Week 54: From ‘Guðrúnarkviða’

Old Norse skaldic poetry, with its convoluted syntax and formulaic use of ‘kennings’, is likely to seem too contrived to appeal much nowadays, but the far more straightforward eddic poetry is another matter, and with due concession to the sensibilities of a more heroic age the modern reader can feel quite at home in it. Here is a section from the Guðrúnarkviða, the lament of Gudrun for her dead husband, the dragon-slaying Sigurd, after his death at the hands of Gjuki’s sons. I love the way the rhetoric shifts suddenly at the end into the simple pathos of a woman missing her ‘málvinr’, literally her ‘talk-friend’. I append my own translation, but even if you may not know the language try to hear the alliterative beat of the original. 

By the way, Tolkien enthusiasts will rejoice to meet here the original of the Arkenstone, that lies on the breast of Thorin under Lonely Mountain. 

Svá var minn Sigurðr hjá sonum Gjúka
sem væri geirlaukr ór grasi vaxinn,
eða hjörtr hábeinn um hvössum dyrum,
eða gull glód-rautt af grá silfri,
eða væri bjartr steinn á band dreginn,
jarknasteinn yfir öðlingum.
Ek þótta ok þjóðans rekkum
hverri hæri Herjans dísi;
nú em ek svá lítil sem lauf séi
oft í jölstrum at jöfur dauðan.
Sakna ek i sessa ok i saeingu
Mins málvinar… 

My Sigurd stood above the sons of Gjuki
As the tall spear-leek stands above the grass
Or the long-legged hart above the lesser beasts
Or the red gold above grey silver
Or as if he were the bright stone on a bracelet,
The arkenstone, precious among princes.
And I myself seemed to the leader of men
A maid of Odin’s hosts, higher than any.
Now I am nothing, like a leafless tree
Laid low by my king’s death, at board and bed
Missing my good gossip…

4 thoughts on “Week 54: From ‘Guðrúnarkviða’

  1. Hi David, Gjuki’s sons, the murderers of her husband, are her own brothers?
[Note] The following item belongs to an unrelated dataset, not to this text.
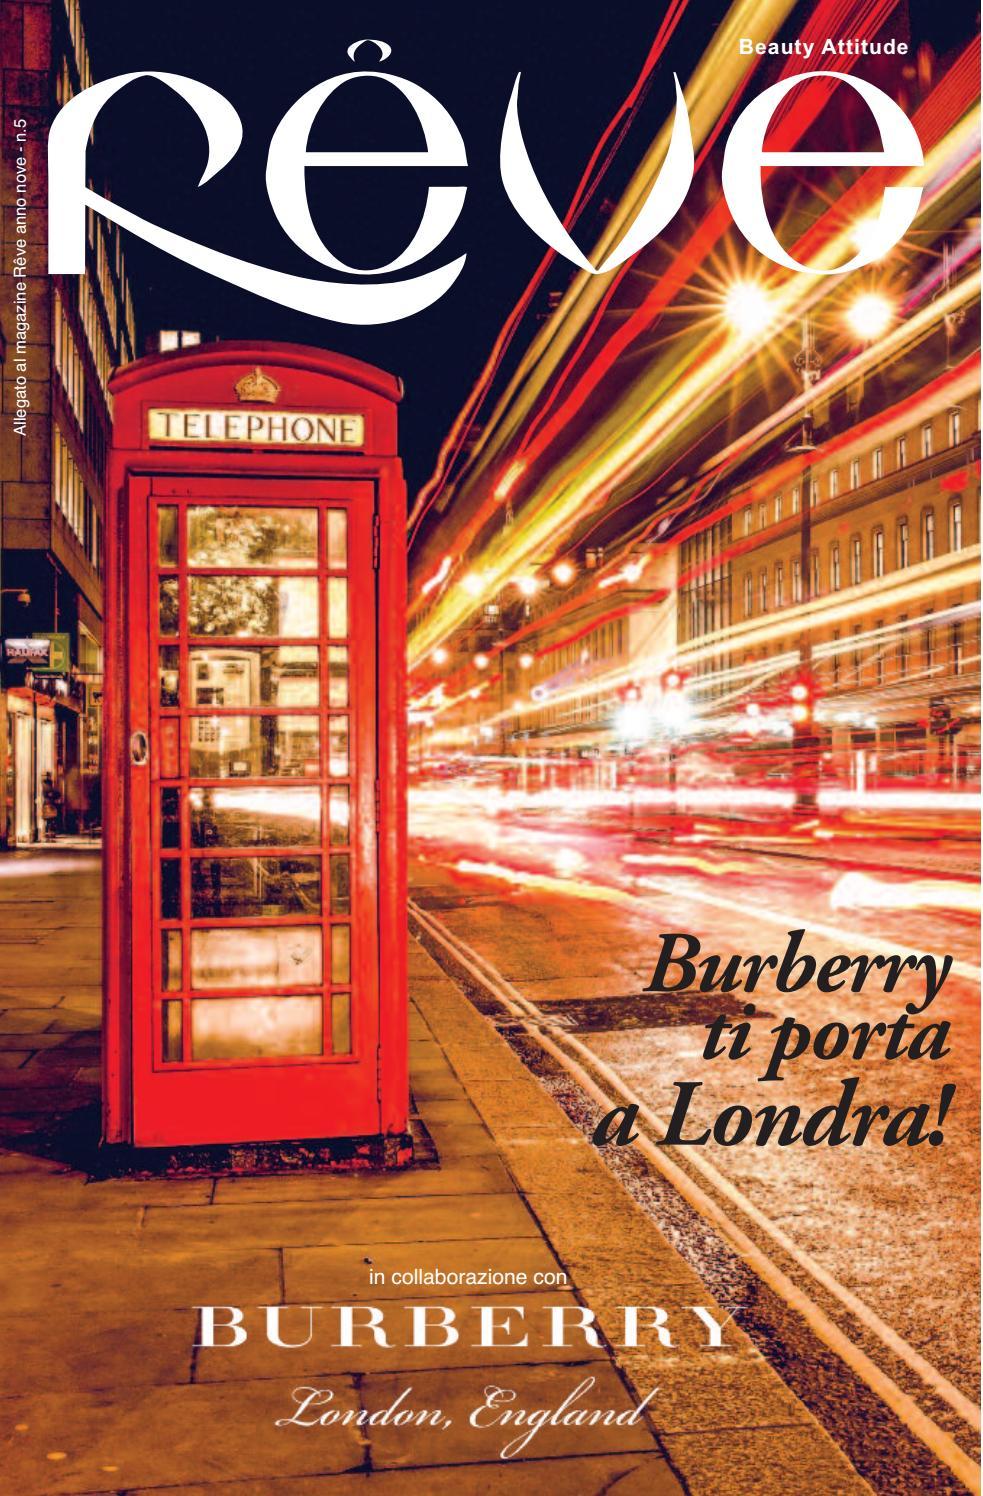 Burberry Brit Store A Milano : Reve inserto burberry by unique media issuu

Is that correct? I like to know who’s who!

    • Basically yes, Gjuki was the father of Gunnar and Hogni, Gudrun’s brothers. But it’s a bit complicated because there are several versions of the legendarium, both in Old Norse and Old High German: you’ve got various lays in the Elder Edda, you’ve got a version in the Prose Edda, and of course you’ve got the Nibelungenlied. In the Old High German version, it is indeed Hogni (Hagen) who kills Sigurd (Siegfried), but in an Old Norse one, which is more relevant here, it is a step-brother Gotthorm who does the actual deed, though Gunnar and Hogni are still party to it, the whole thing having been precipitated by a quarrel between Gudrun and Brynhild, who had been tricked into marrying Gunnar when Sigurd took on Gunnar’s form to win her. If you want to know more, you could do worse than start with William Morris’s long epic poem ‘The Tale of Sigurd the Volsung and the Fall of the Niblungs’. It’s a fine poem in its way, so long as you accept a great deal of archaic diction – I can take a lot of it myself, but I know it’s not everyone’s cup of tea.
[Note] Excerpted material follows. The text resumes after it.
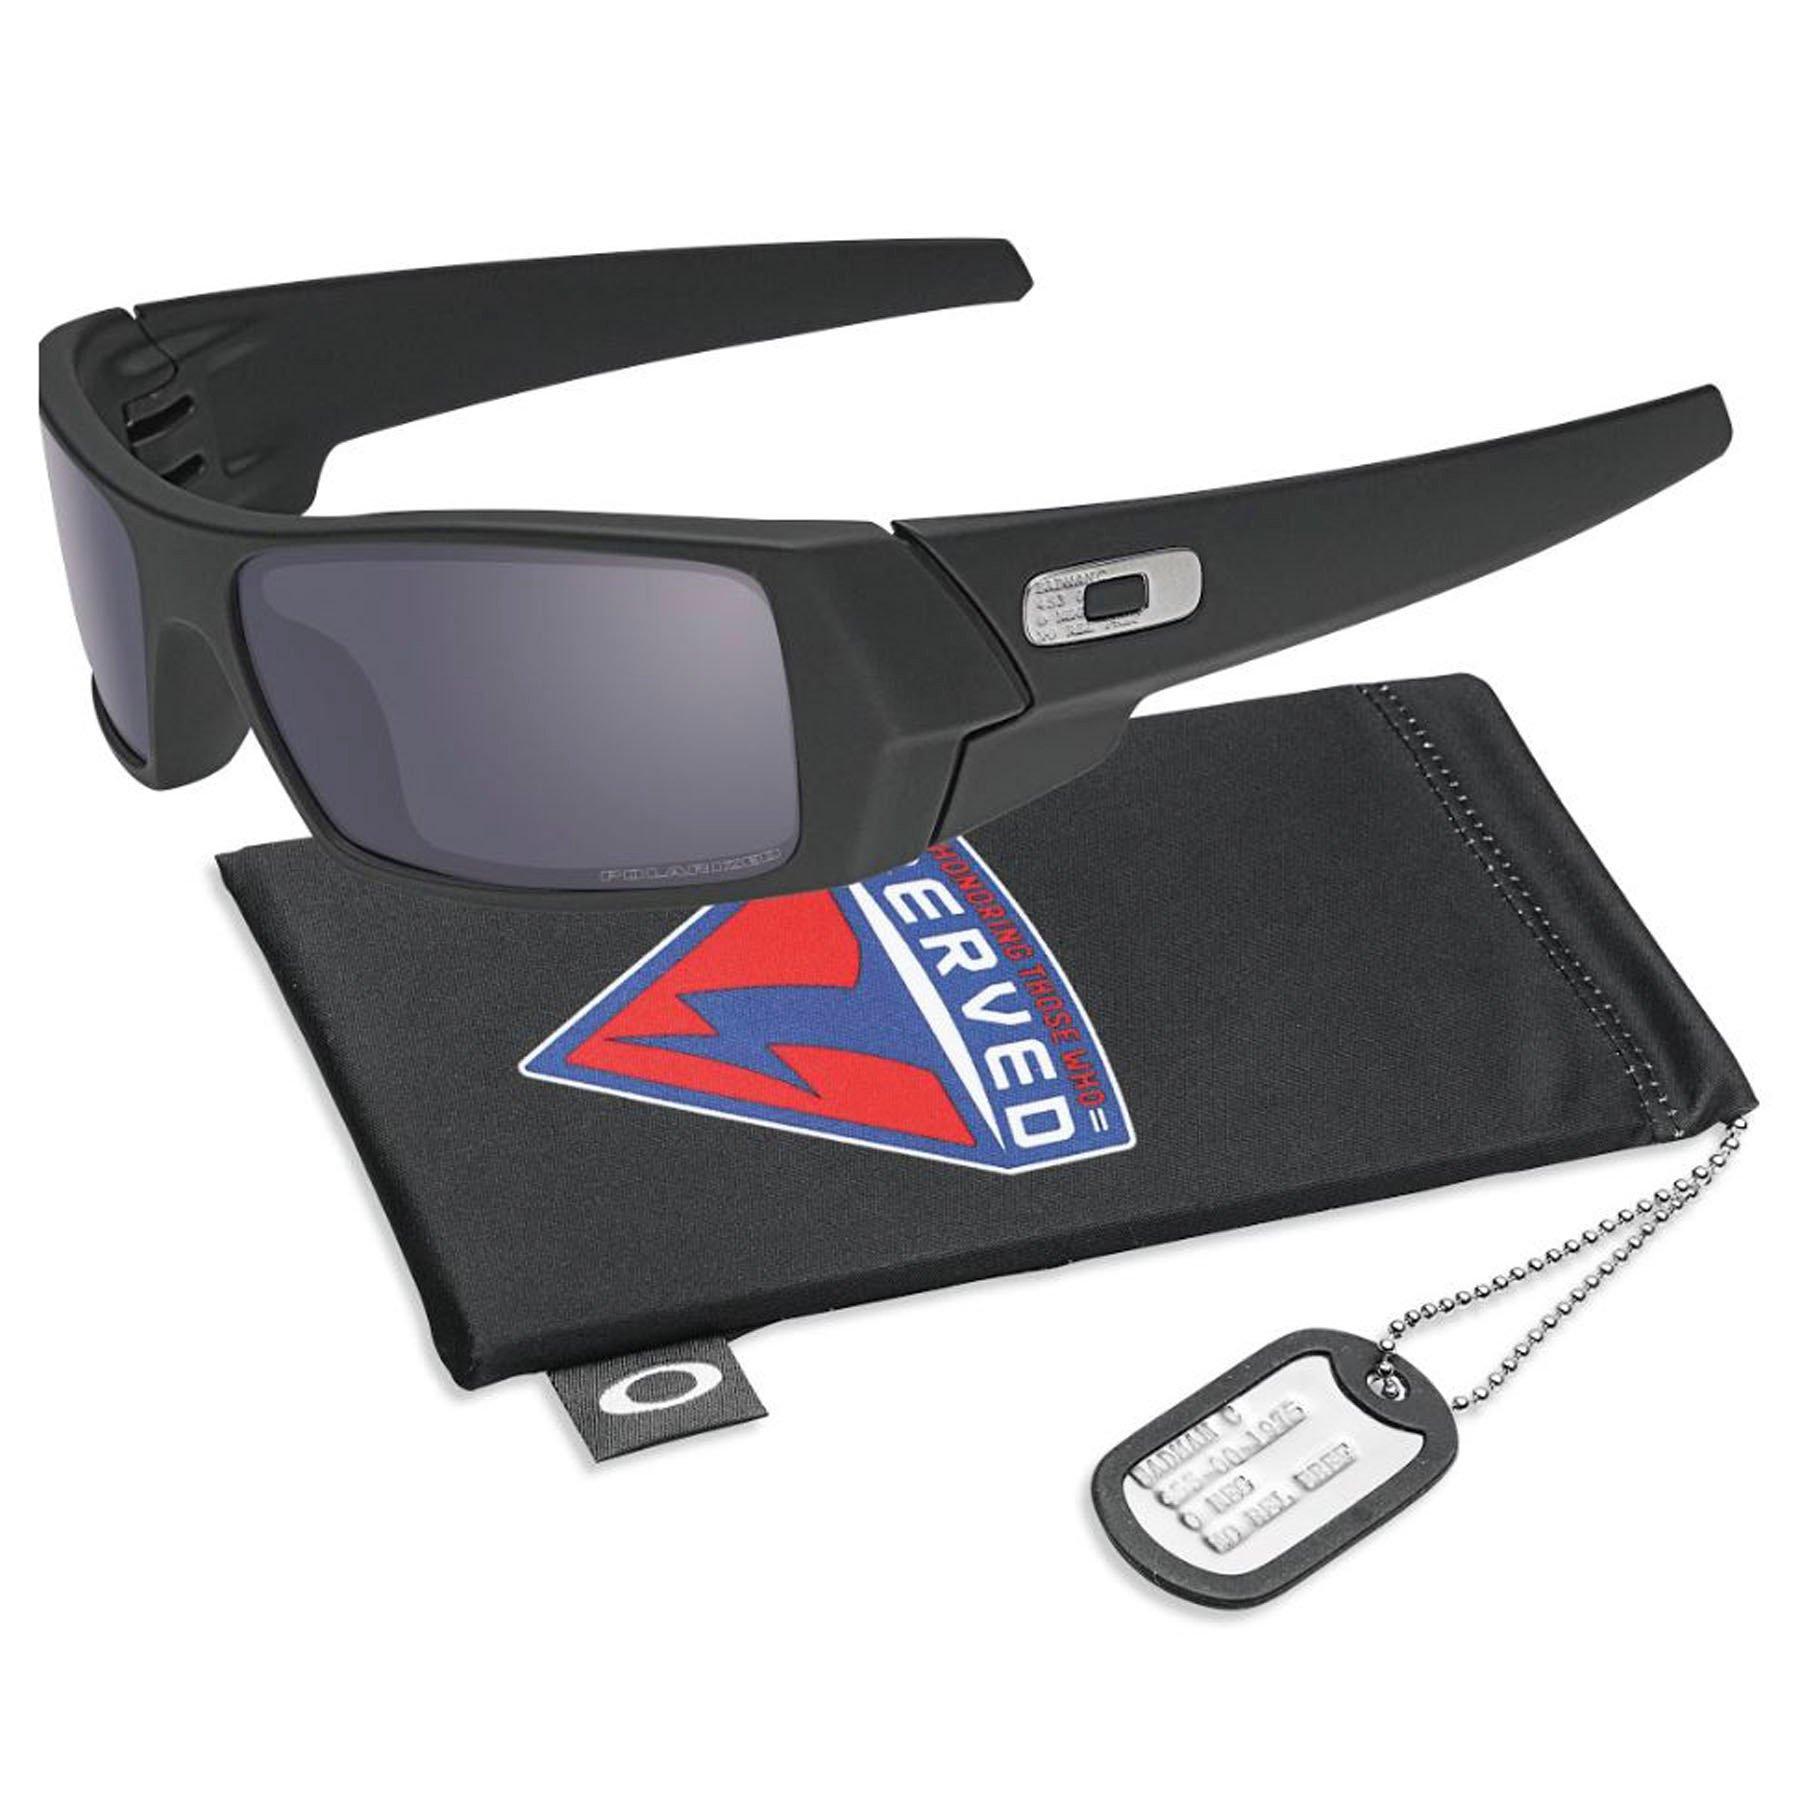 79a62bf6ebd79 where to buy oakley si gascan sunglasses 289b8 3e076

      • Hi David, thanks for your reply. I had a very quick look at the Morris poem. Here’s the start of his version of Gudrun’s speech: “O ye, e’en such was my Sigurd among these Giuki’s sons, / As the hart with the horns day-brightened mid the forest-creeping ones; / As the spear-leek fraught with wisdom mid the lowly garden grass; / As the gem on the gold band’s midmost when the council cometh to pass, …”.

      • Yes, the Morris version is really too padded and wordy; eddic poetry is quite terse. But Morris went with these rather long verse lines and I guess needed to fill them.